PRIME Minister Liz Truss will be getting a letter warning of the perilous state of social care in Dorset.

Council leader Spencer Flower will tell the new Prime Minister and Health Minister of the need for additional funding to help counties like Dorset which have a higher-than-average number of older people.

The letter, although already drafted, is now unlikely to be sent until well after the funeral of the Queen.

The plan to send it was revealed by Deputy Council leader Peter Wharf who has warned of the potential for a “huge hole” in the authority’s adult social care budget.

Many Dorset care sector businesses have closed during Covid and the sector continues to have problems recruiting and retaining staff.

A staggering 22 per cent of all social care beds in the county are currently empty, more than 700 spaces – although hospitals are having trouble discharging patients because social care cannot be arranged, leading to a backlog on wards.

Many of the social care beds are available, but not in use, because care home owners cannot find enough staff to operate them, or because they cannot afford to re-open sections of homes they had already mothballed to help defer rapidly rising costs.

Profit margins for smaller operators are said to be around 5% with many reporting year-on-year loses. The optimal operational size for a care home is said to be 62 beds yet few in Dorset have that many.

Dorset councillors have heard of mounting concern for the sector where around a third of all staff leave each year for other jobs, often in hospitality and tourism, even though these sectors are also traditionally low payers, and often only offering seasonal or zero-hours work.
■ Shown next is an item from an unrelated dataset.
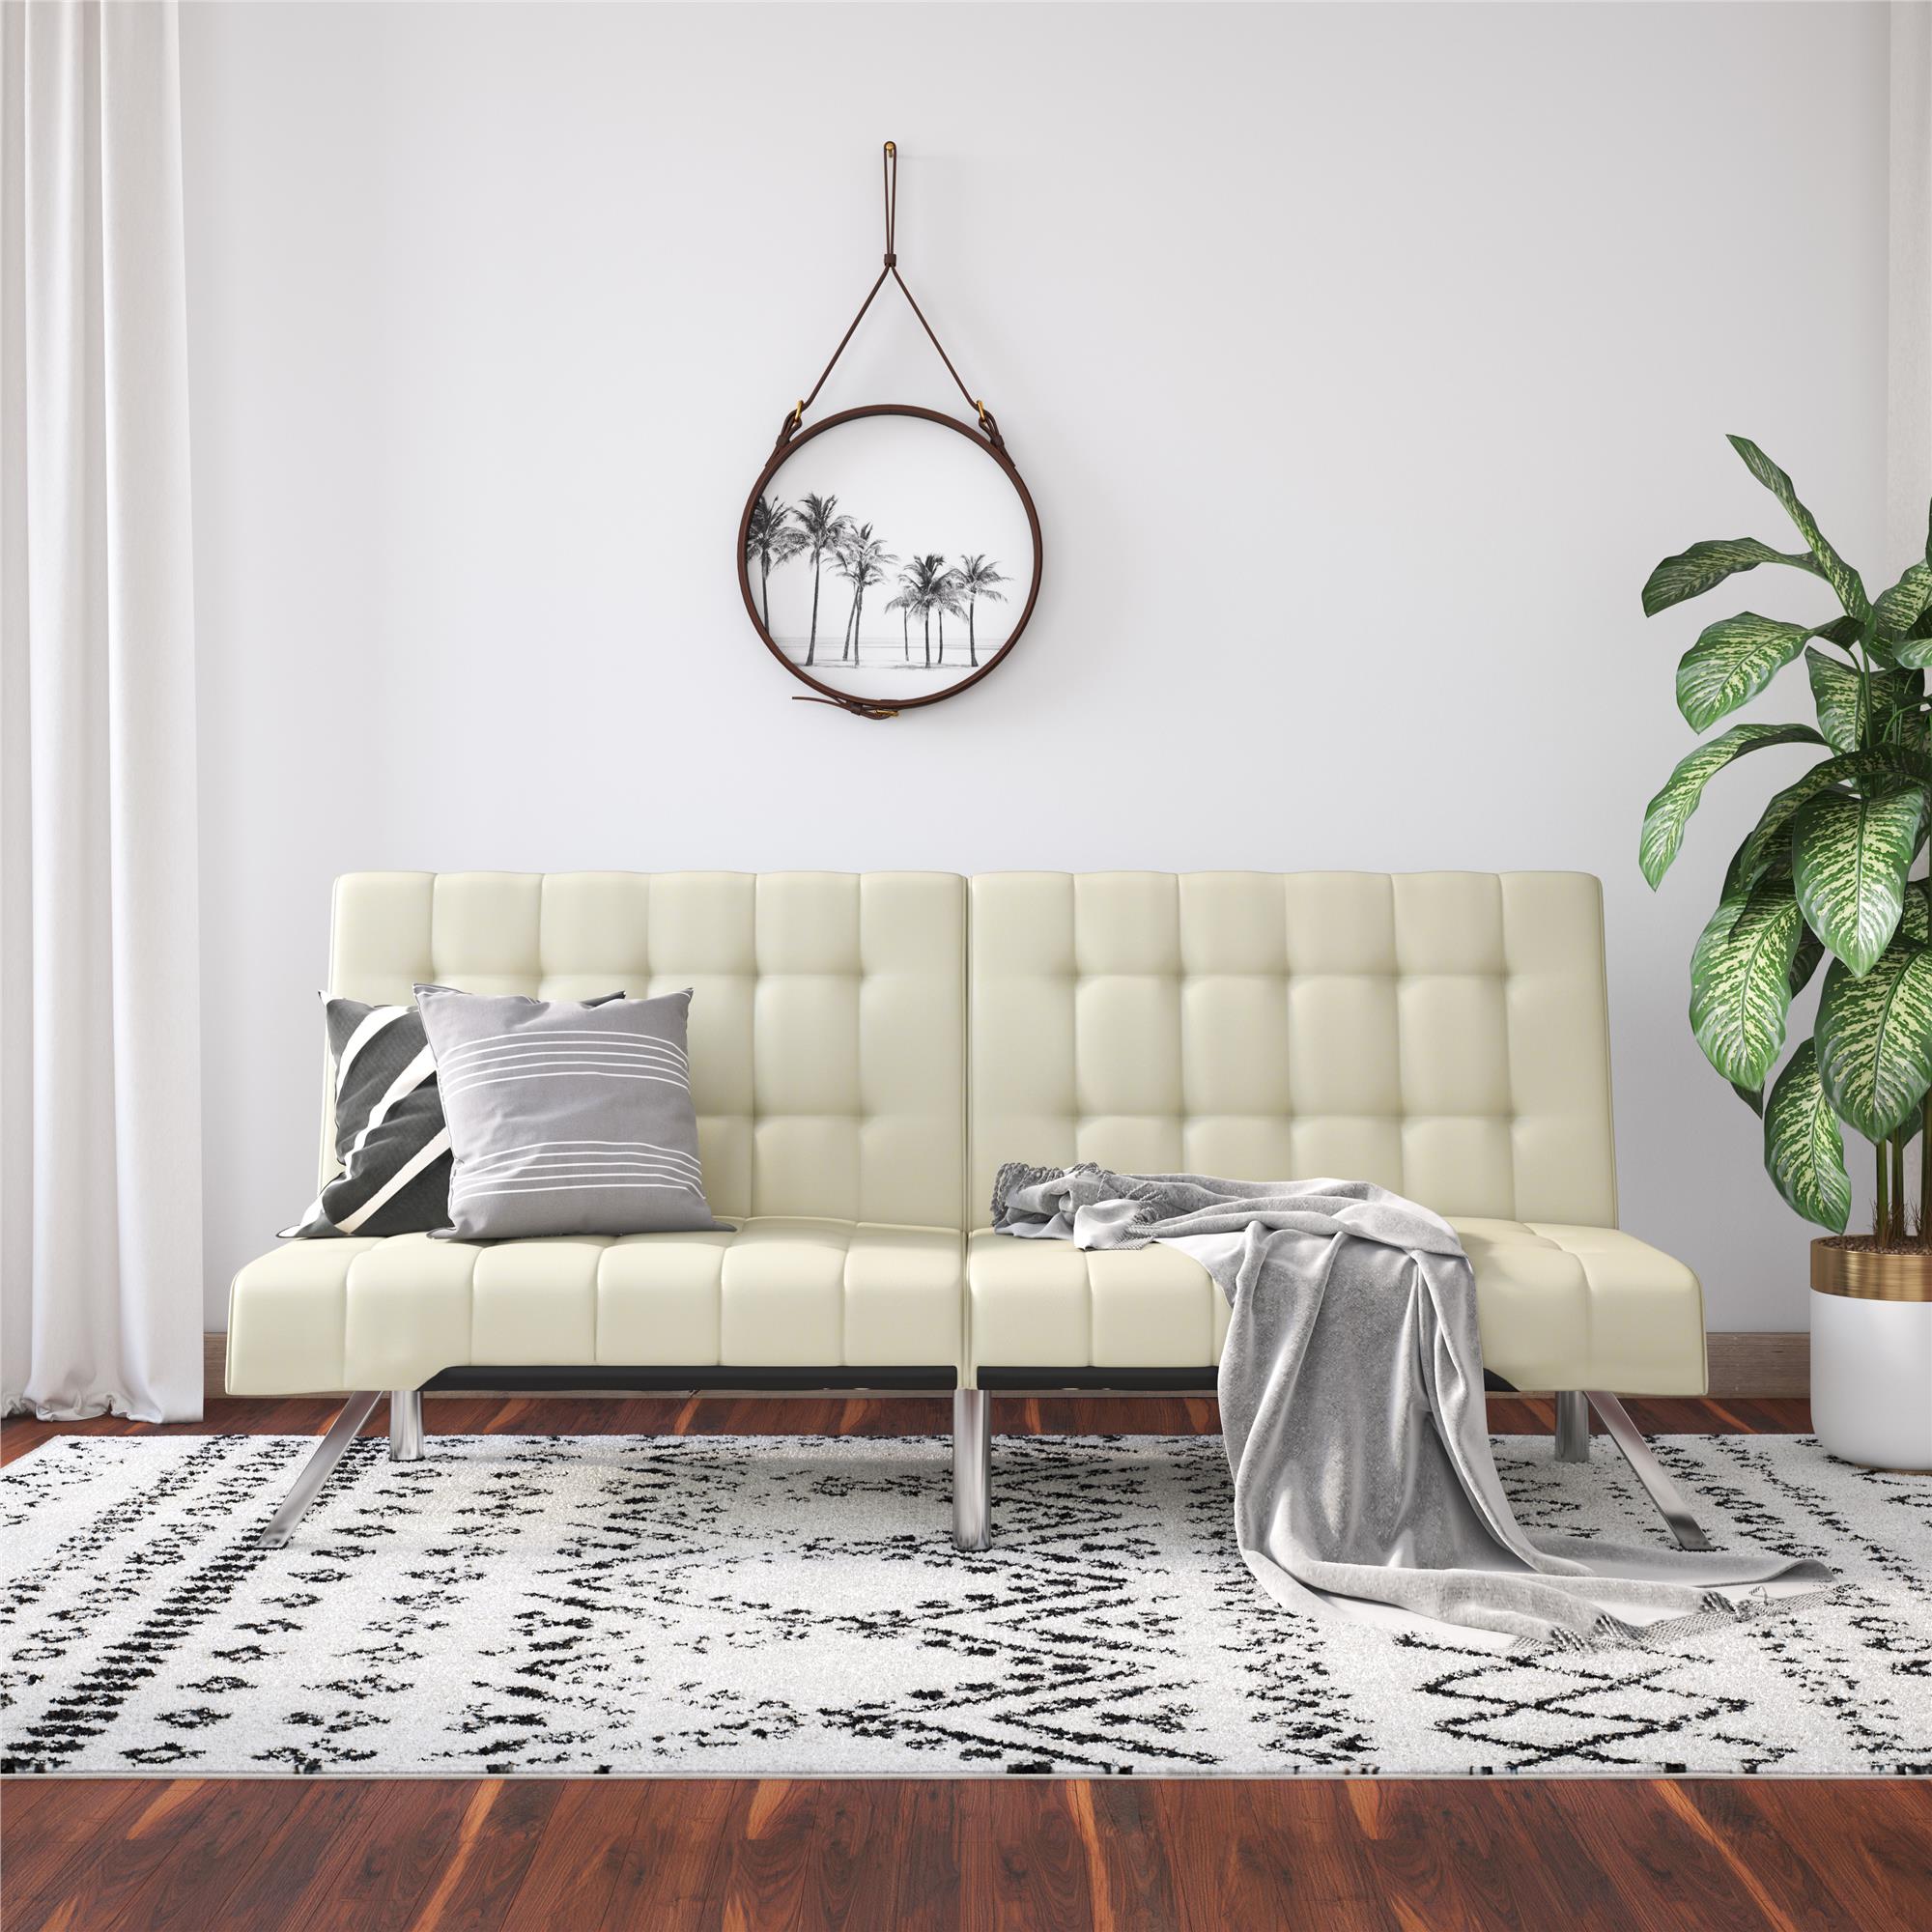 DHP Emily Convertible Tufted Futon Sofa, Vanilla Faux Leather - image 1 of 21

Problems in recruiting staff have been compounded by the rising cost of travel to and from work and many foreign workers having returned home drastically reducing the size of the available workforce.
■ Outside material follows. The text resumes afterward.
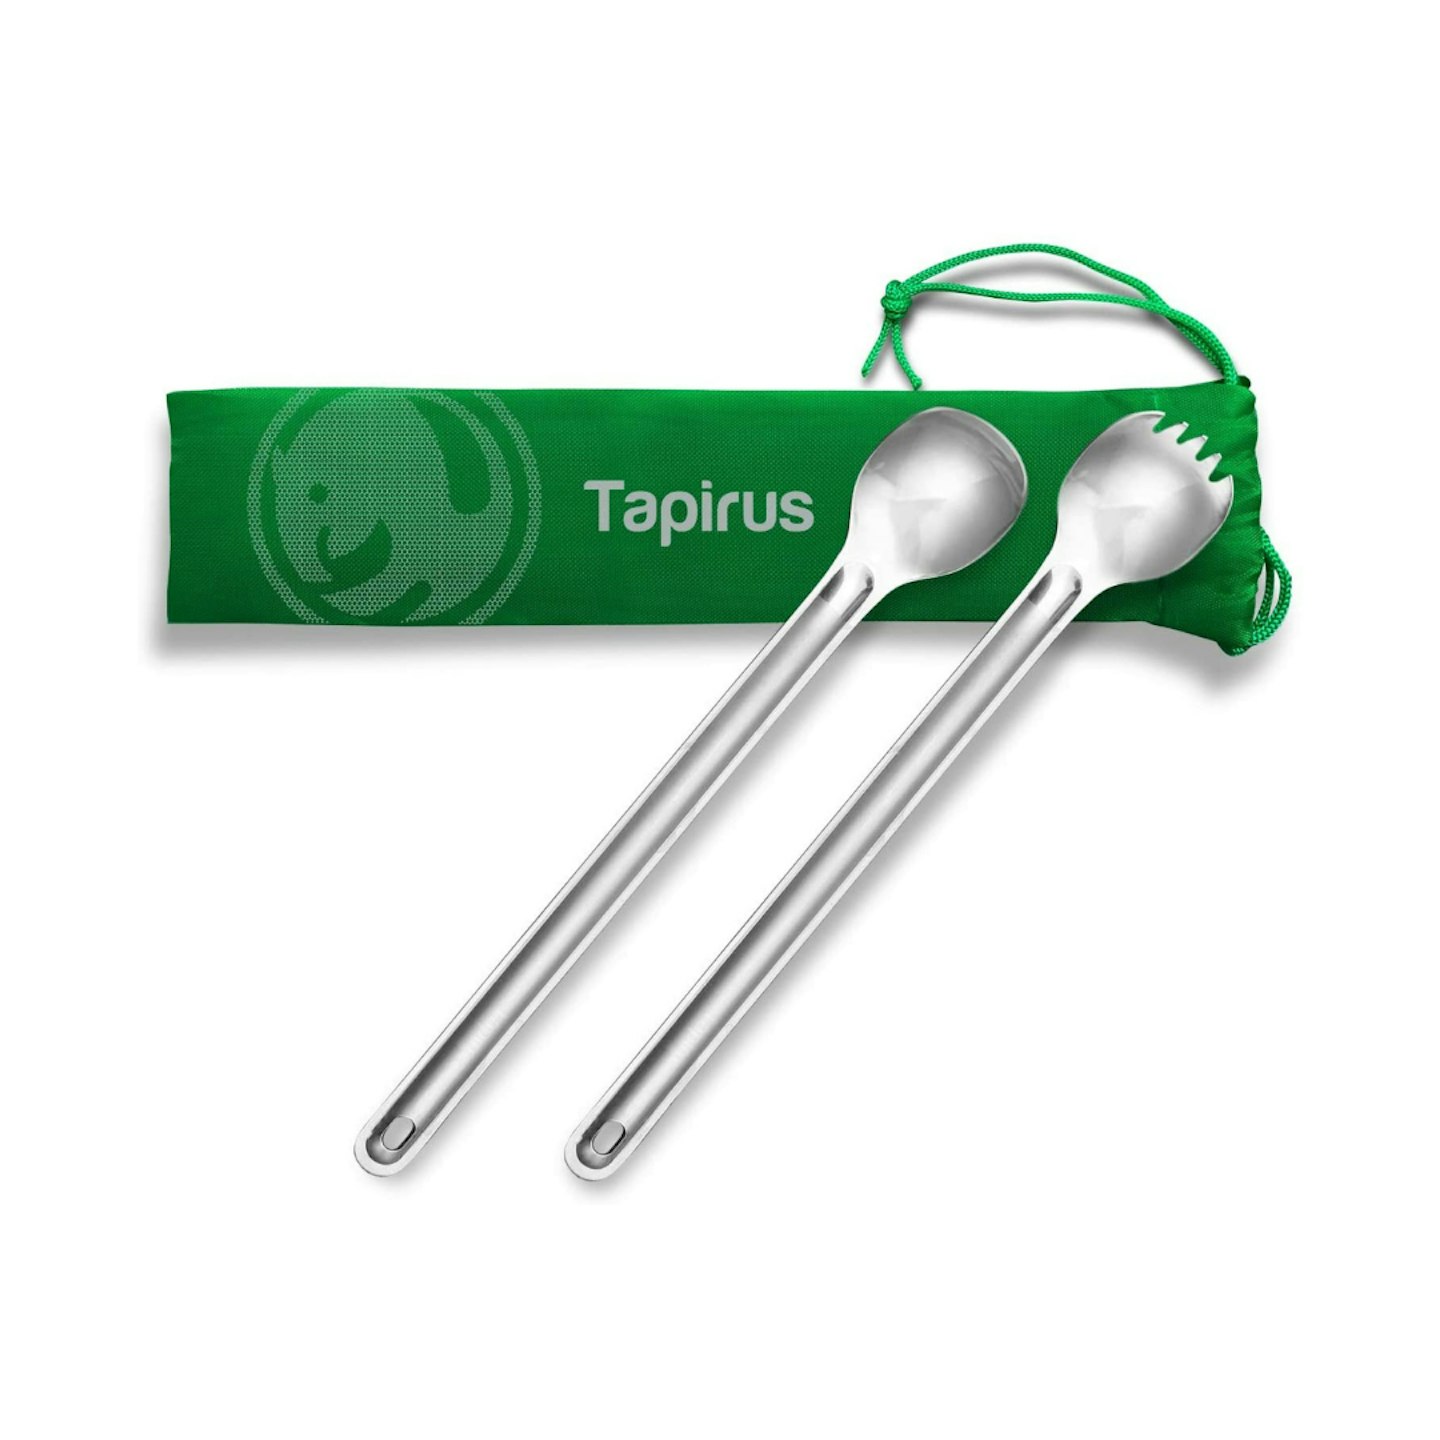 Tapirus Long Handle Spoon and Spork Set

Skills for Care, the industry training body, suggests that in Dorset another 3,600 care workers will be needed by 2035.

Dorset Council has been able to offered some help to the sector locally with an uplift in contract payments and help with recruiting and training – although with limited success so far.
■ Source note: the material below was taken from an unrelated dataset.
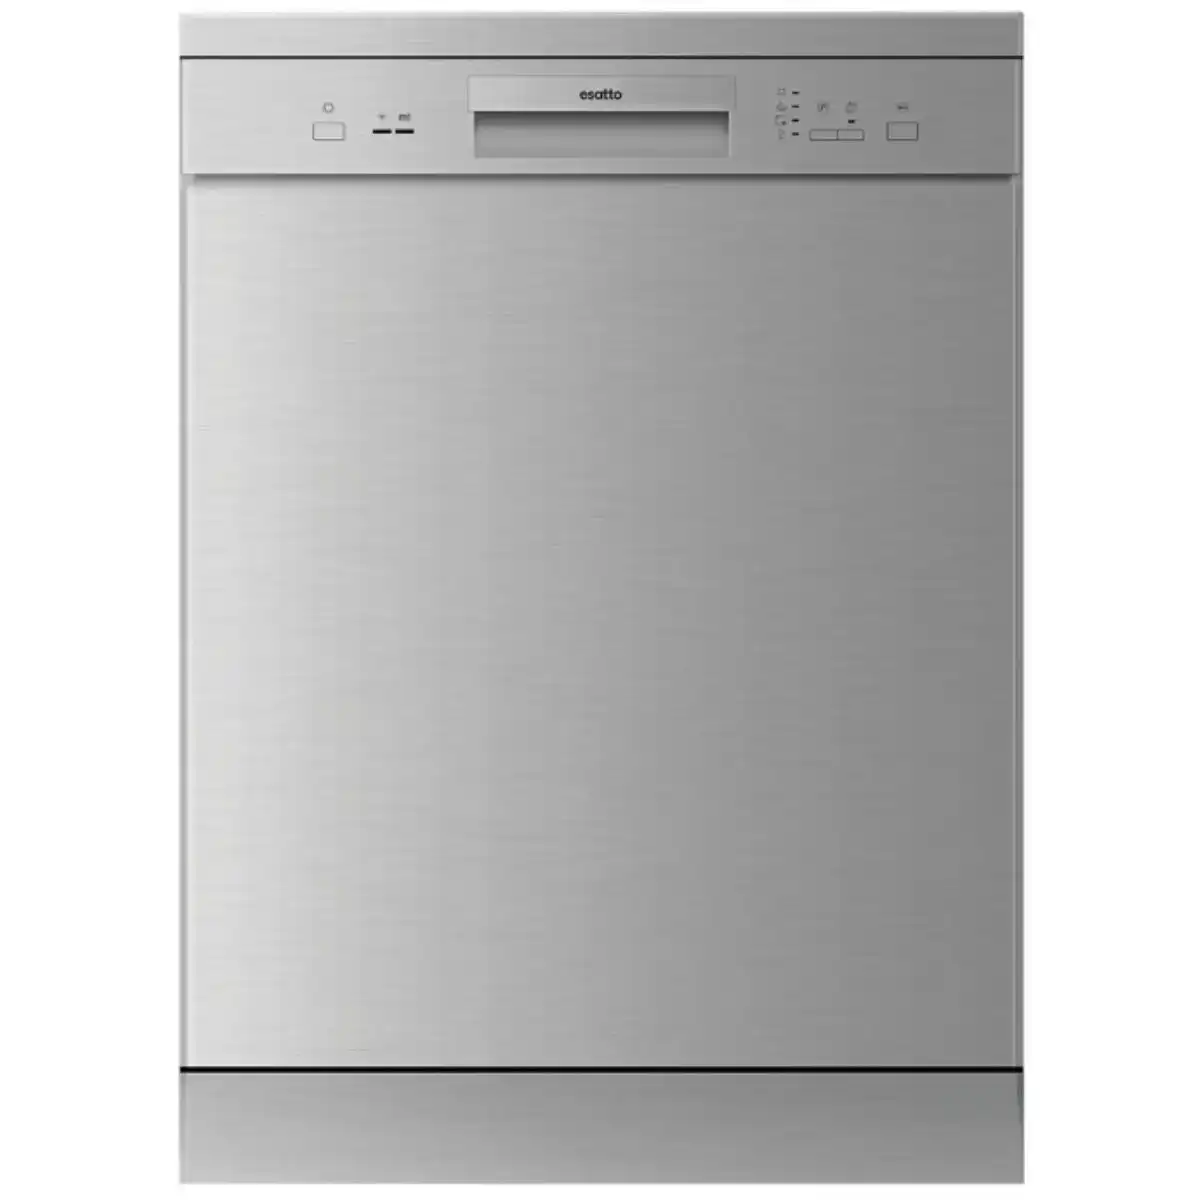 Esatto 60cm Freestanding Stainless Finish Dishwasher

Cllr Cathy Lugg said that without affordable housing for care workers, close to where they are needed, the situation will only get worse.

“People who aspire to work in the care sector cannot afford to live here,” she said.

Around 1,850 people are in residential care in Dorset at the present time, the majority of them entirely funding their care from their own resources.

This is likely to change with planned reforms which may mean councils having to step in and offer financial support for a larger number of people than it currently helps.

Concerns have also been raised about planned national changes to the social care funding system which will put an additional burden on council staff with an expected big rise in assessments and further bills for the council’s adult social care budget to help meet care costs for those who have already spent up to the new limit on their care set by the Government.

Prior to the recent changes in leadership the Government suggested it would fund much of the cost of the new system, but Dorset Council’s deputy leader Cllr Peter Wharf has warned that the new arrangements still has the potential to leave “a huge hole” in the council’s finances.

All this comes at a time when more of the county’s population are needing care as they age and become unwell.

Perversely some better-off people are going into residential care before they need to, only to run out of money and then call on Dorset Council to then step in and help fund some of the cost of their care later in life because the limit of their assets has fallen below the nationally-set minimum limit.

Dorset currently has around 3,500 social care beds – 54 per cent of them being used by people who self-fund their own care; 24per cent contracted by Dorset Council and 22per cent vacant.